In this episode of Engaging Alternatives Spotlight, Elana Margulies-Snyderman, Director, Publications, EisnerAmper, speaks with Scott Storkamp at Morgens, Waterfall, a New York-based U.S. long/short growth equity firm. Scott shares his outlook for long/short growth investing, including the greatest opportunities and challenges and more.

This is an informational presentation and does not constitute an offer to sell or a solicitation to purchase any securities of any vehicle or product managed by Morgens, Waterfall, Vintiadis & Company, Inc. ("MW") and therefore may not be relied upon in connection with any offer or sale of securities. This is not an advertisement and MW is not providing any investment advice or recommendation to you. This presentation in and of itself should not form the basis for any investment decision. The information is current as of its date of publication and there is no obligation to update this information. Such information is believed to be reliable and has been obtained from sources believed to be reliable, but no representation or warranty is made, expressed or implied, with respect to the fairness, correctness, accuracy, reasonableness or completeness of the information and opinions.


Hello, and welcome to the EisnerAmper podcast series. I'm your host Elana Margulies-Snyderman.

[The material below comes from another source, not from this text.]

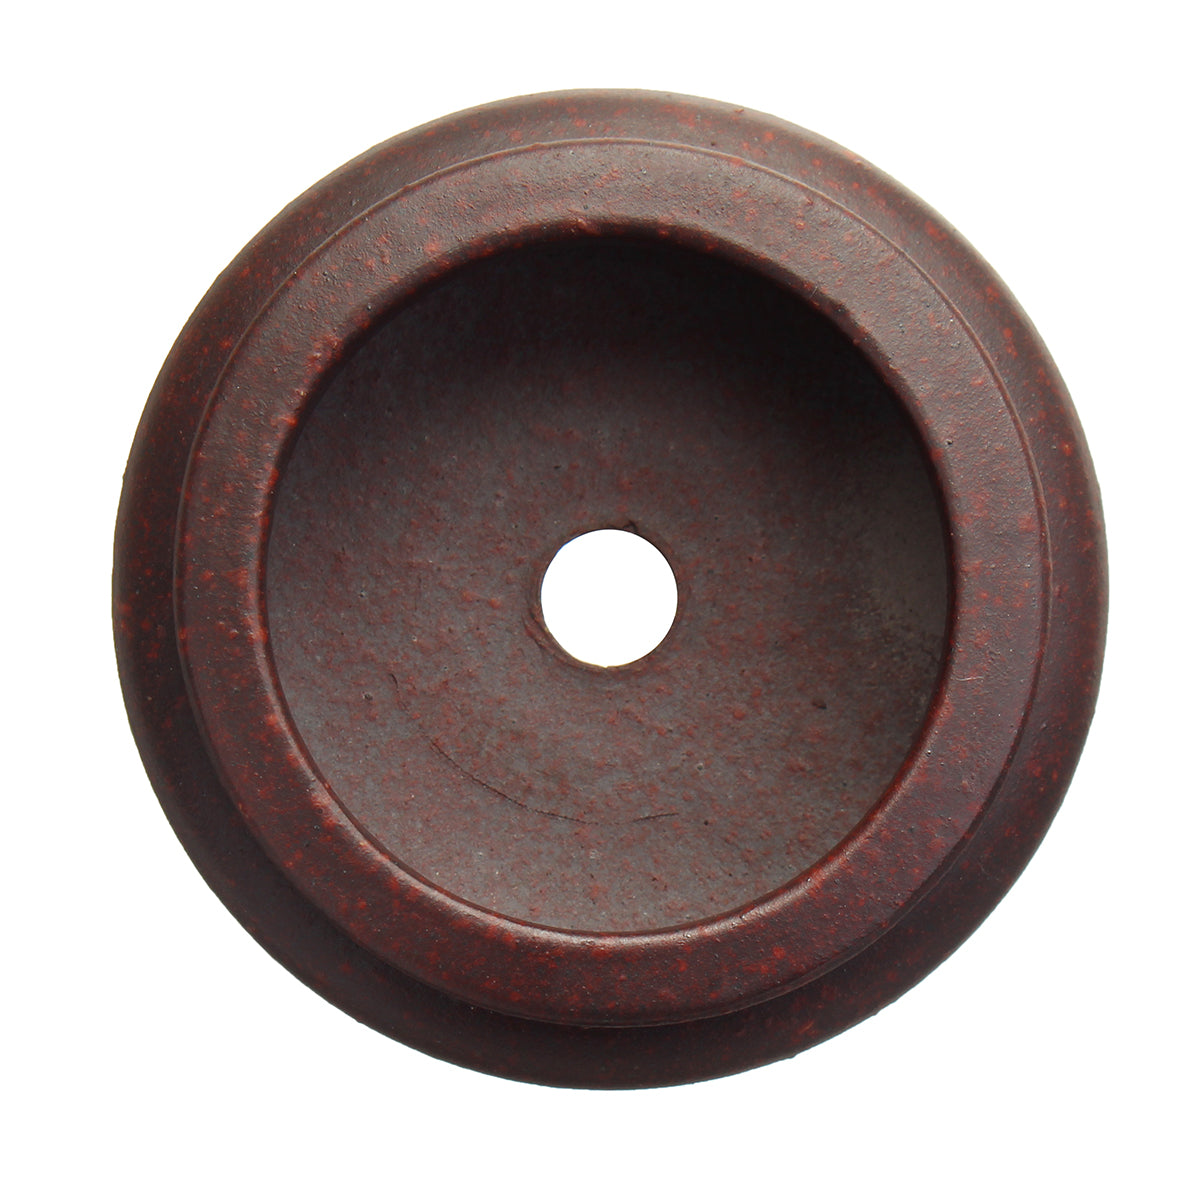 Ceramic Round Chinese Zisha Bonsai Pot 5.7x2.5cm - stilyo

And with me today is Scott Storkamp at Morgens Waterfall, a New York-based, US long/short growth equity firm. Today, Scott will share with us the outlook for long/short growth investing, including the greatest opportunities and challenges and more.
Hi, Scott. Thank you so much for being with me today.

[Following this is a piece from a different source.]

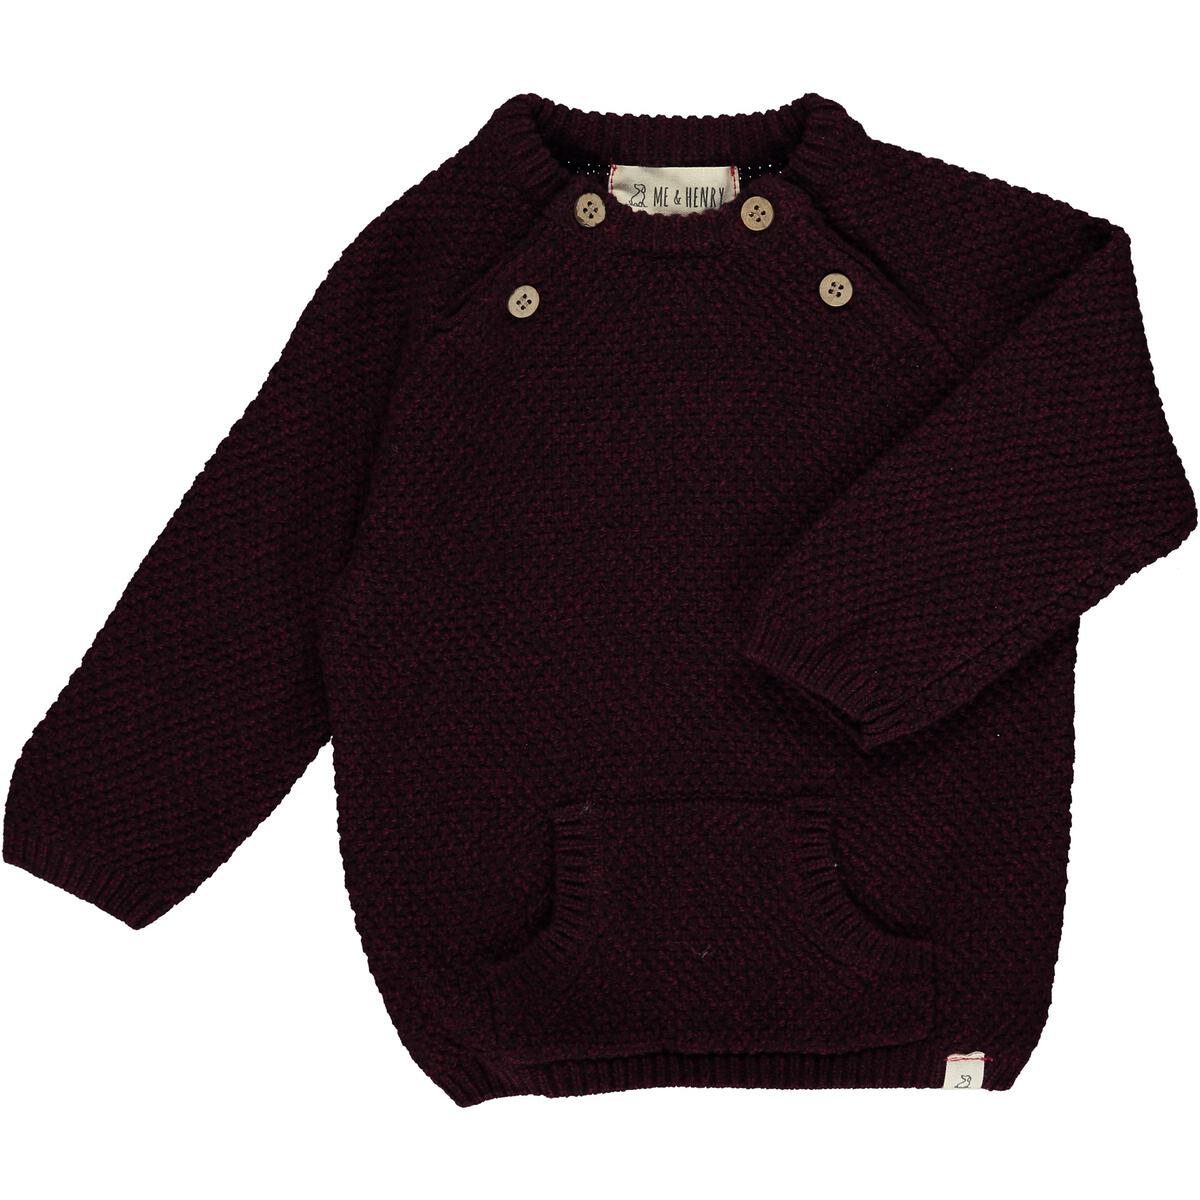 Morrison Burgundy Sweater-Infant

Thanks for having me, Elana.


Absolutely. So to kick off the conversation, tell us a little about the firm and how you got to where you are today.

Okay. So Morgens Waterfall was founded in the late 60s by Ned Morgens and Bruce Waterfall. They went on to become pioneers in distressed investing, but they were also doing equity investing back in the very early day. They would visit Silicon Valley when it was really in its beginnings and they had a stock investment portfolio, but they really were most known for distressed investing, which lasted until about 2000. So today, Morgens Waterfall is only an equity long/short fund.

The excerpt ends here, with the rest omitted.